▸ Work request
Please give the entries below again exactly, omitting every picture.

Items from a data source
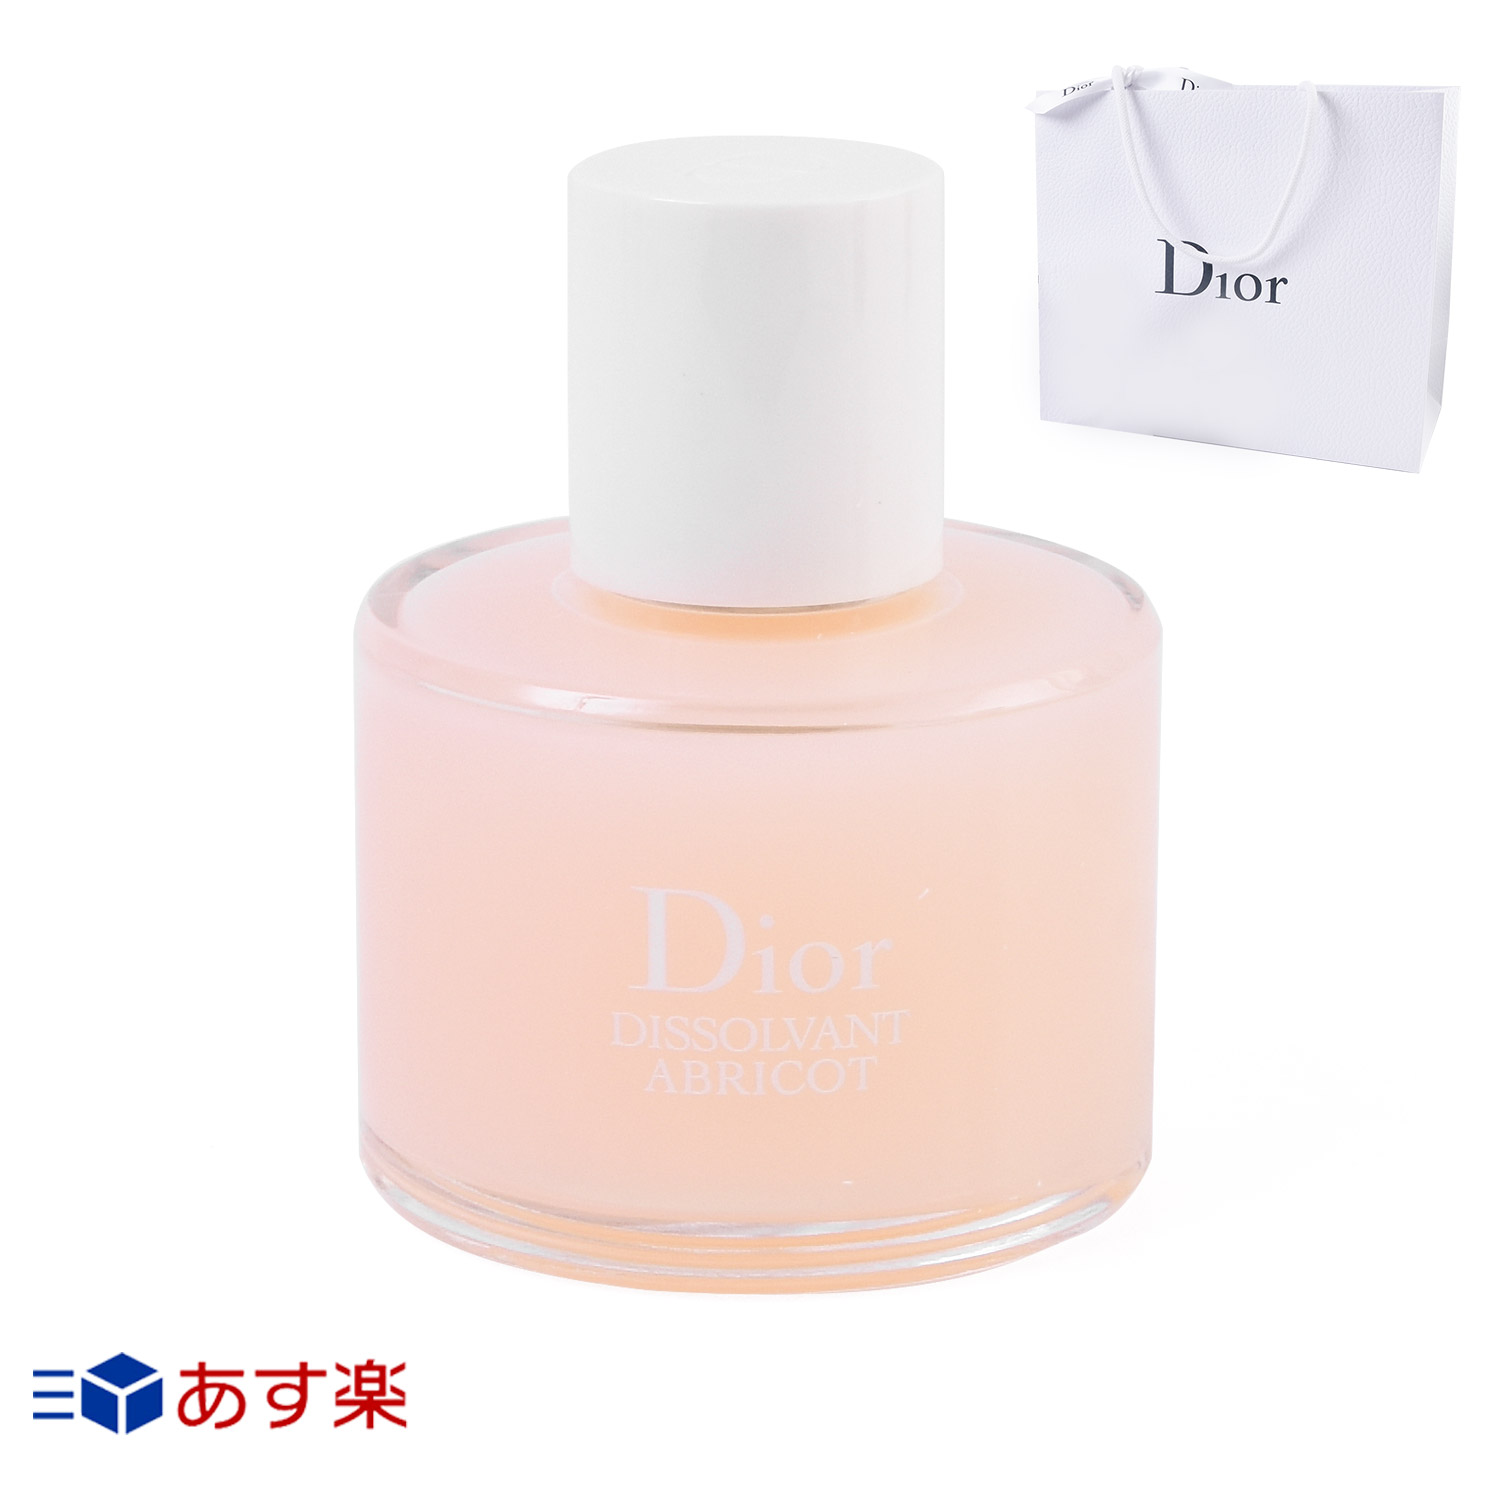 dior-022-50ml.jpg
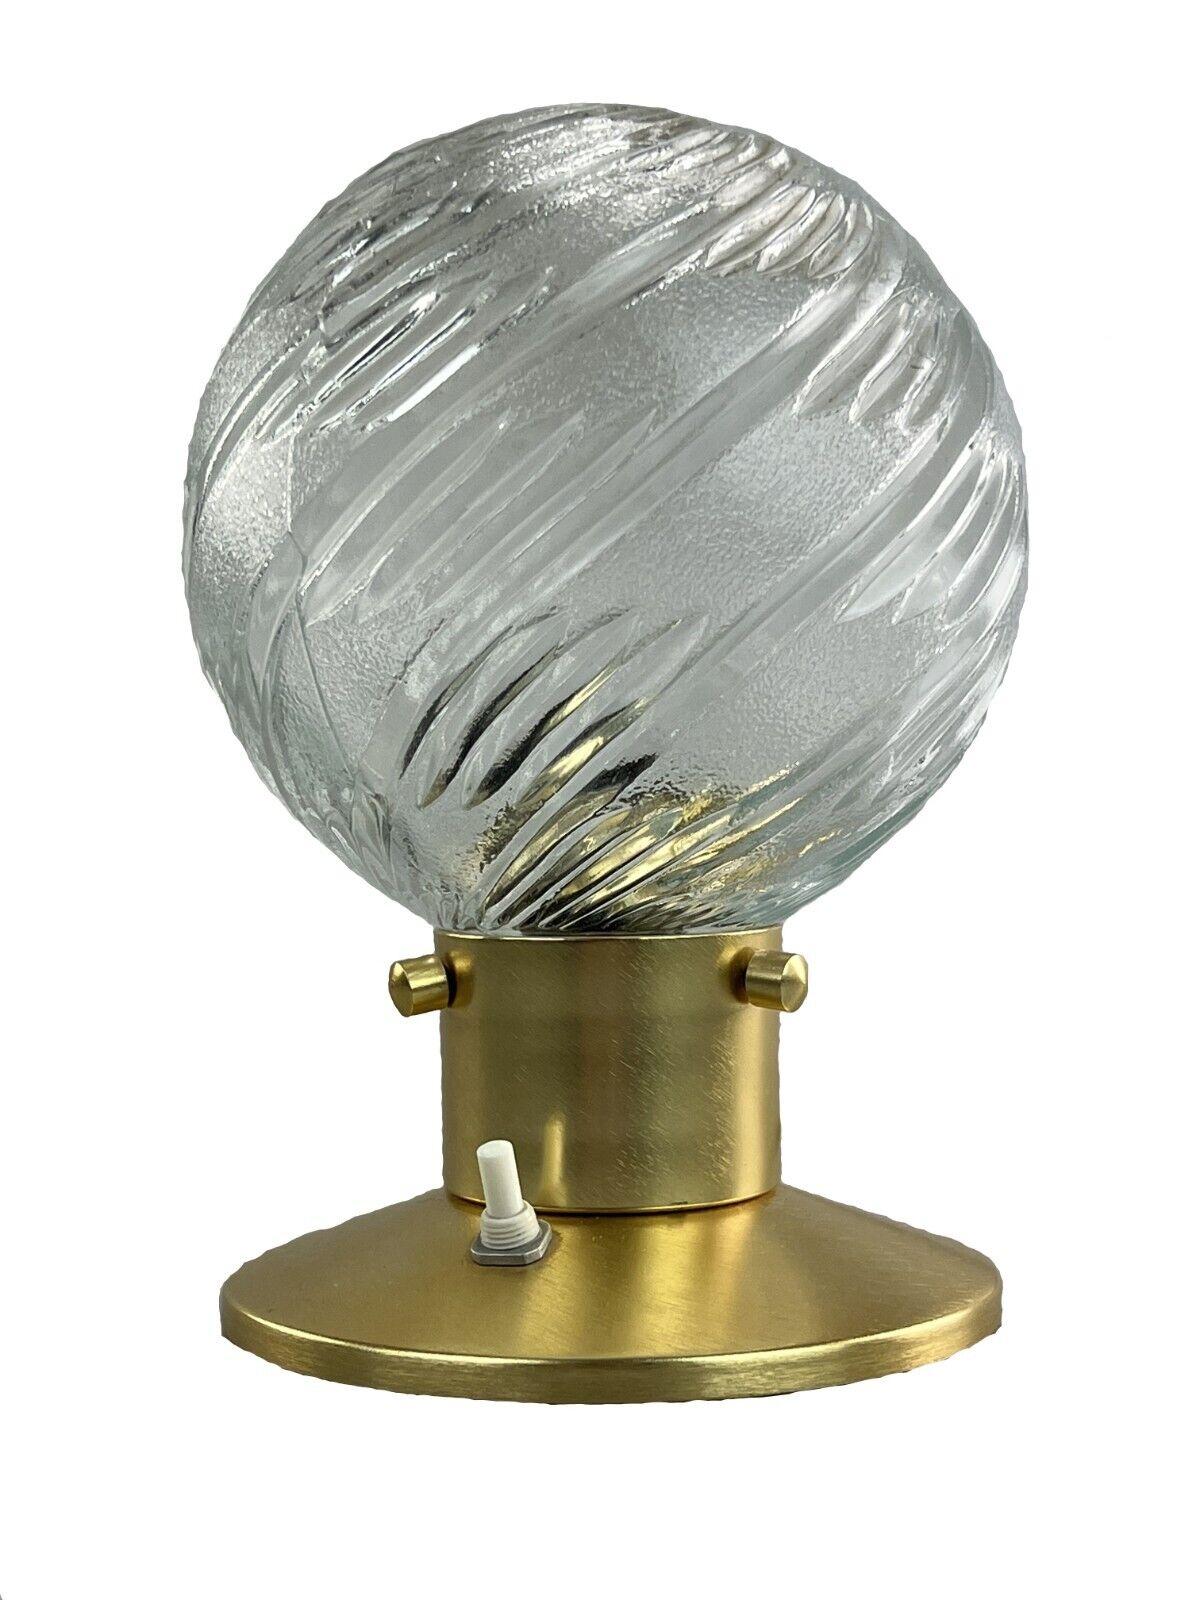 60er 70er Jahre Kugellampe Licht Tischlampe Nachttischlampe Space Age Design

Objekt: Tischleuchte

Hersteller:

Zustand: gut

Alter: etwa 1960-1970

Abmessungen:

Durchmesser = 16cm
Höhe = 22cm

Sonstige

▸ Task answer
 dior-022-50ml.jpg
 60er 70er Jahre Kugellampe Licht Tischlampe Nachttischlampe Space Age Design

Objekt: Tischleuchte

Hersteller:

Zustand: gut

Alter: etwa 1960-1970

Abmessungen:

Durchmesser = 16cm
Höhe = 22cm

Sonstige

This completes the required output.